Perhaps most surprising, the employees said that Unity School Services — the management company led by Soner Tarim, the controversial charter school guru with questionable ties to a Turkish religious movement — is no longer involved at LEAD.
According to several teachers, three more LEAD teachers have resigned in the last few weeks causing a significant staffing shortage. So significant, in fact, that several non-certified teachers have been hired to fill open positions.
In addition, LEAD employees told APR that the school’s office is often staffed with volunteers. That isn’t necessarily uncommon for elementary schools, but what is uncommon, they say, is that the volunteers have access to private student records.
“You can’t do what they’re doing and not expect a problem at some point,” said a LEAD teacher. “It is so obvious now that this school was not even close to being ready to open. Whoever approved this never spent a day here.”
LEAD was sold to desperate people as a beacon of hope. But from the start, it appeared to be little better than a scam.
There was never a plan to create a different sort of school. There was never a plan to address specific issues within Montgomery. There was never any indication that LEAD administrators, including board president Charlotte Meadows — who used the publicity of the school as a springboard to be elected to the Alabama House — had a plan for success that extended beyond not following tenure laws.
In one semester, LEAD is already on its second principal and has lost nearly half of its original staff, according to current and former employees. There have been issues with payroll, with employees receiving proper pay, being compensated for training and having their pay cut arbitrarily.
There have also been sickening accusations of LEAD administrators working to push special needs students away from the school.
And none of it should be a surprise to anyone who paid attention to the fiasco that unfolded during LEAD’s application process — when professionals who determine the readiness of charter schools all over the country told Alabama’s commission that LEAD wasn’t fit to open.”
Editor’s note: Living in Montgomery and having many contacts in the education community, I have confirmed much of what Josh reports. In addition, hardly a day goes by without rumors of more problems. For instance, I have been told that principal Ibrahim Lee’s relationship with LEAD staff is rocky at best. But then, Lee was once principal at Bellingrath middle school in the Montgomery system and was not retained. He is also the same guy who was on the state charter school commission and voted to approve the LEAD charter application before taking a job with them. The ethics of this maneuver are highly suspect.
It should also be noted that the same Soner Tarim who is no longer with LEAD is the same guy who is the consultant for Woodland Prep in Washington County.
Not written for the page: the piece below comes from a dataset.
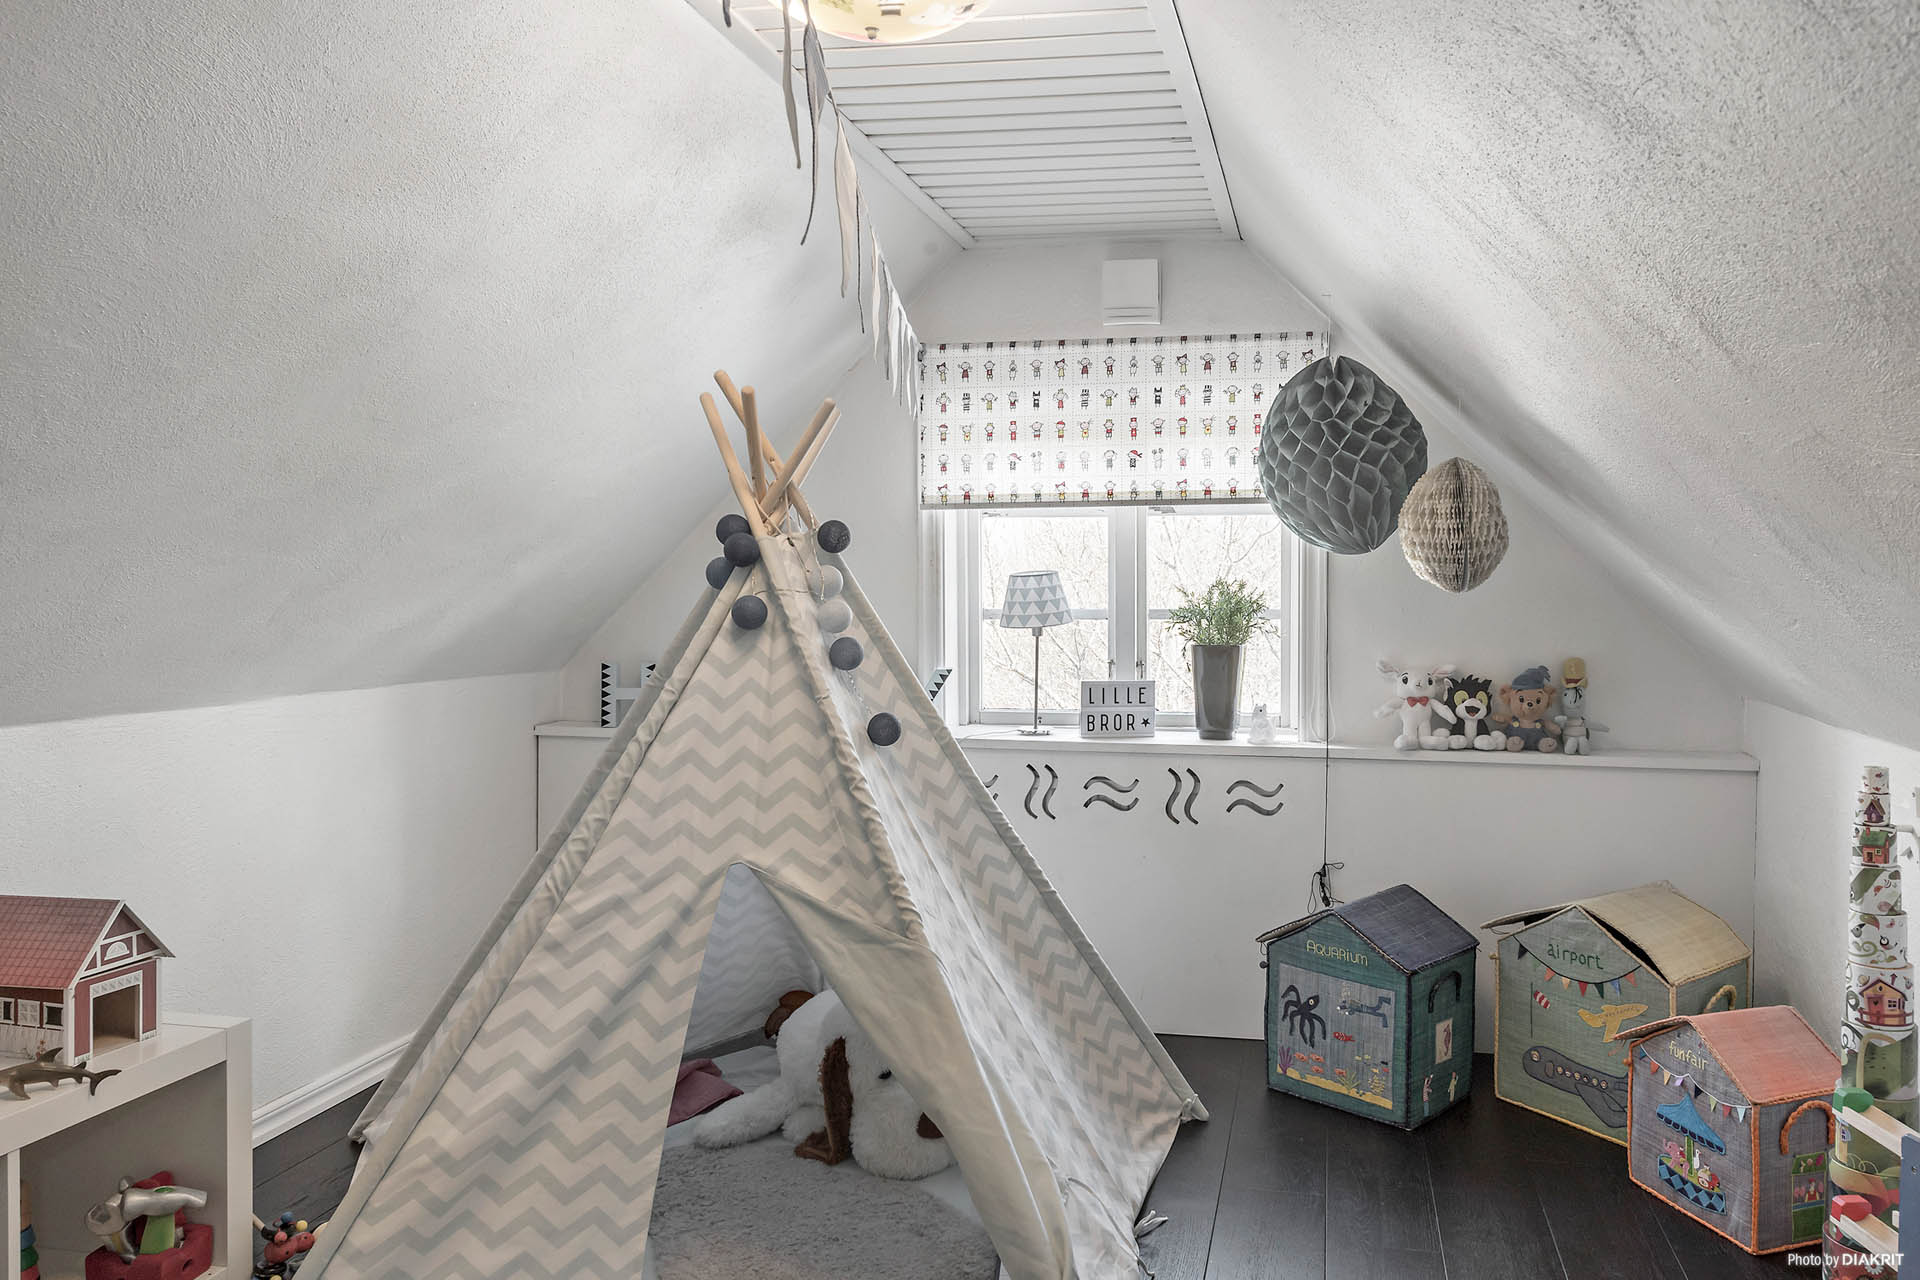 Sovrum med parkettgolv i mörk ton och putsade väggar.

And the same guy who told the Texas school board last summer that he not only prepared the application for Woodland Prep to submit to the state charter commission–but also helped to grade it. Like LEAD, the application for Woodland Prep was reviewed by the National Association of Charter School Authorizers who recommended that it be denied.
It is high time that the state superintendent of education step into this quagmire and get to the bottom of what is going on. After all, charter schools are public schools getting public funds and the state superintendent is the overseer of all public schools.
U.S. Secretary of Education Betsy DeVos, without doubt the most unqualified person to ever hold this position, thinks charter schools are the solution to every ailment in education. So she is quick to hand out dollars to folks wanting to bring more charter schools on line. (This is how the non-profit New Schools for Alabama, recently got awarded $25 million)
And to this end New Hampshire was recently told that $46 million was waiting for them in the coffers of the USDOE so they could double the number of charter schools in the next five years.
Just one problem. Some folks in New Hampshire don’t want the money for more charter schools. So they have voted to block the first installment of this Washington handout. You can get all the details in this article in the Washington Post.
Some pertinent excerpts from the article.
Members of the Joint Legislative Fiscal Committee voted 7 to 3 to table the grant from the federal Charter School Program (CSP), with the majority Democrats saying they were concerned about the effect that the expansion of charter schools could have on traditional public schools at a time of decreasing enrollment.
The federal grant given this past August to New Hampshire was intended to allow the opening of 20 new charter schools. In addition, five existing charters could expand, and seven existing charters could “replicate” in other places.
Most of New Hampshire’s charters rent space from for-profit companies, a 2018 analysis by a pro-charter group shows. New Hampshire Public Radio reported that most of the state’s charter schools have fewer students than they are authorized to enroll.”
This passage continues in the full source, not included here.